[OVSDB-309] Arp flows are not getting installed properly in compute nodes Created: 26/Feb/16  Updated: 30/Oct/17  Resolved: 21/Mar/16

Status: Resolved
Project: ovsdb
Component/s: openstack.net-virt
Affects Version/s: unspecified
Fix Version/s: None

Type: Bug
Reporter: Hari Prasidh Assignee: Oded Shvartz
Resolution: Done Votes: 0
Labels: None
Remaining Estimate: Not Specified
Time Spent: Not Specified
Original Estimate: Not Specified
Environment:

Operating System: All
Platform: All

Attachments: Zip Archive karaf_logs.zip    
External issue ID: 5435

 Description   

I am analyzing ARP responder feature in ODL using openstack.
Am using one control and 2 compute nodes.
Created two networks (tenant1 and tenant2)

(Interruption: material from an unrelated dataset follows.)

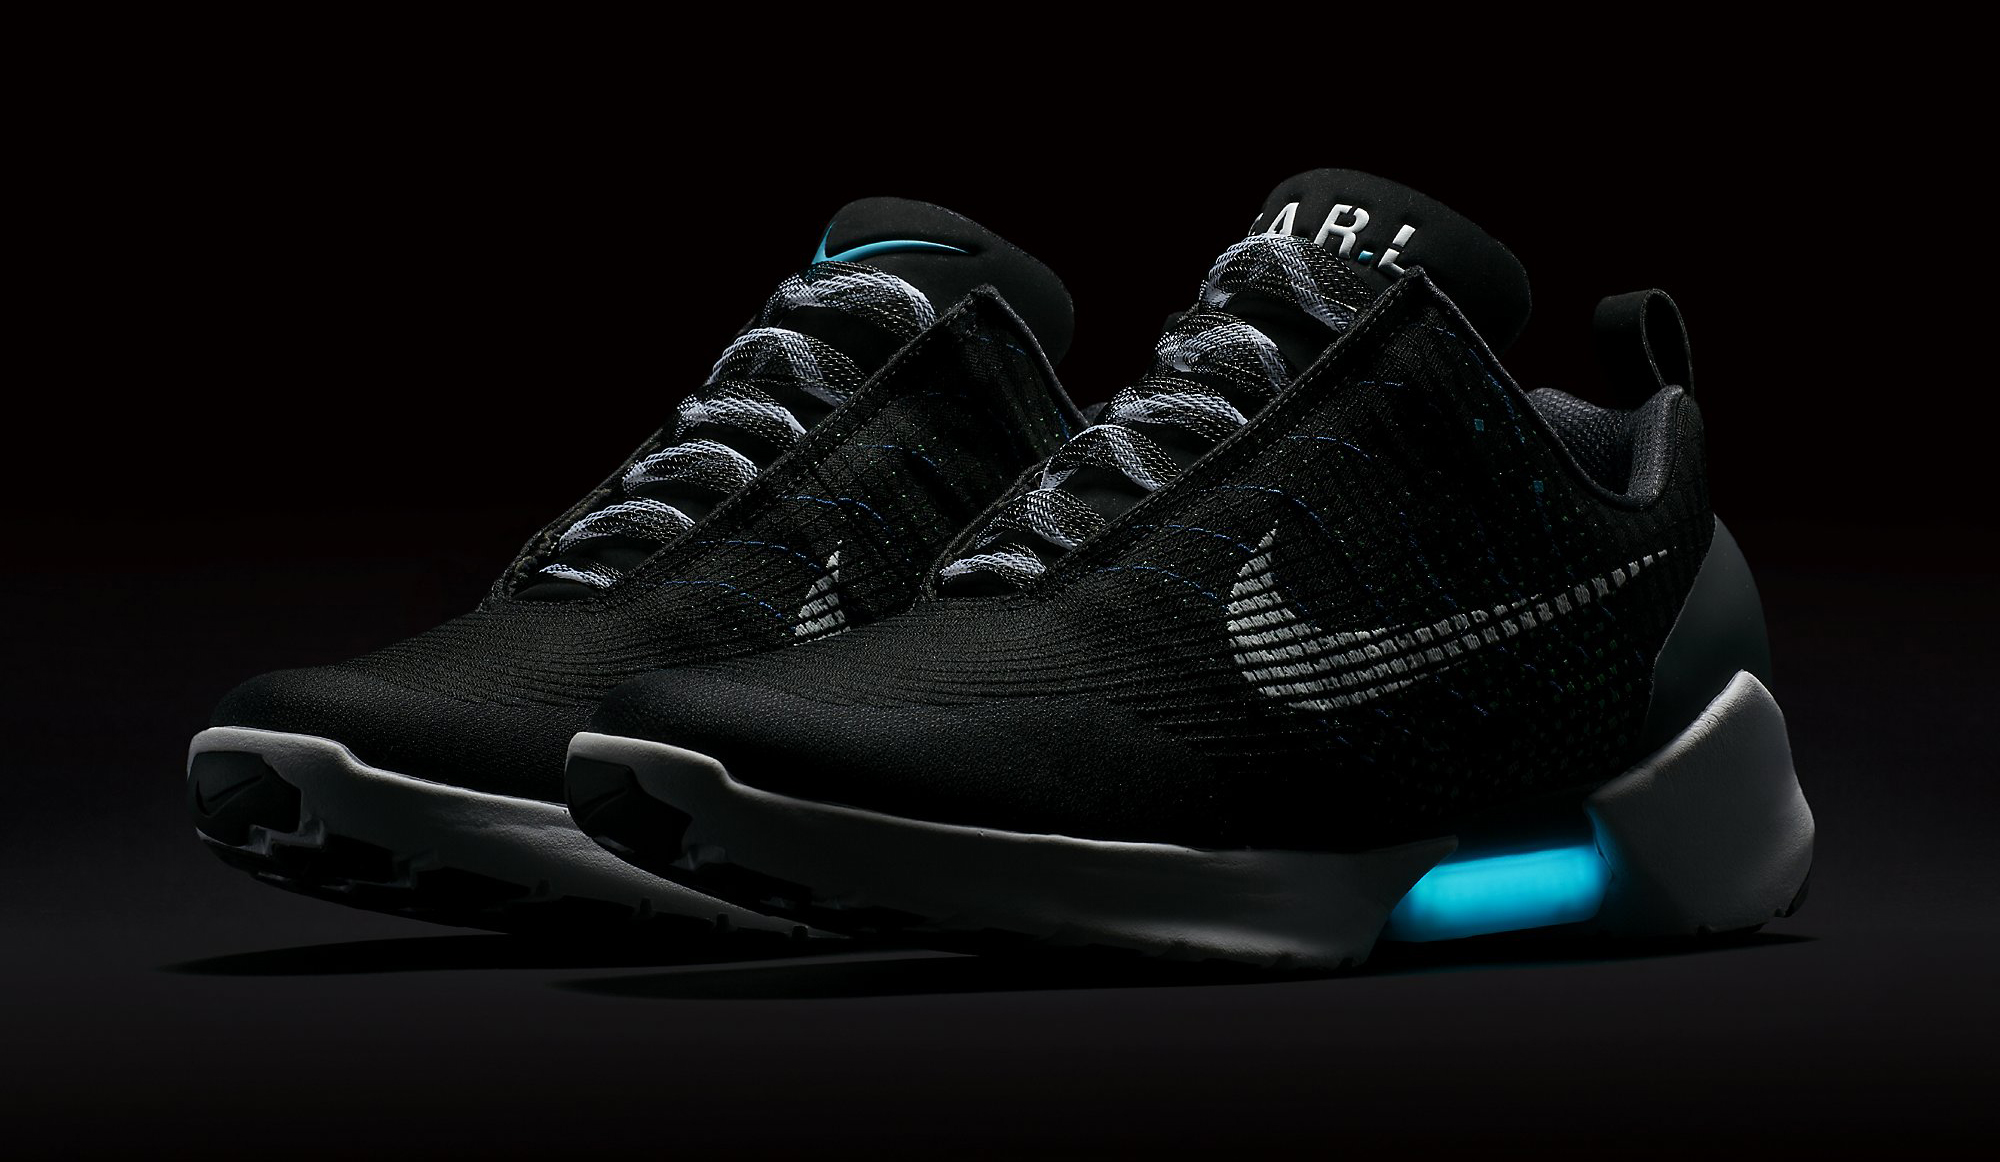 Nike Hyperadapt 843871-001

While Adding router interface with tenant1 , arp flows are installed both control and compute nodes as expected for DHCP port and default gateway.

And then, if I added router interface with tenant2, in control node arp flows are installed as expected, but, in compute nodes teanant1 default gateway IP is overwritten with teanant2 default gateway IP.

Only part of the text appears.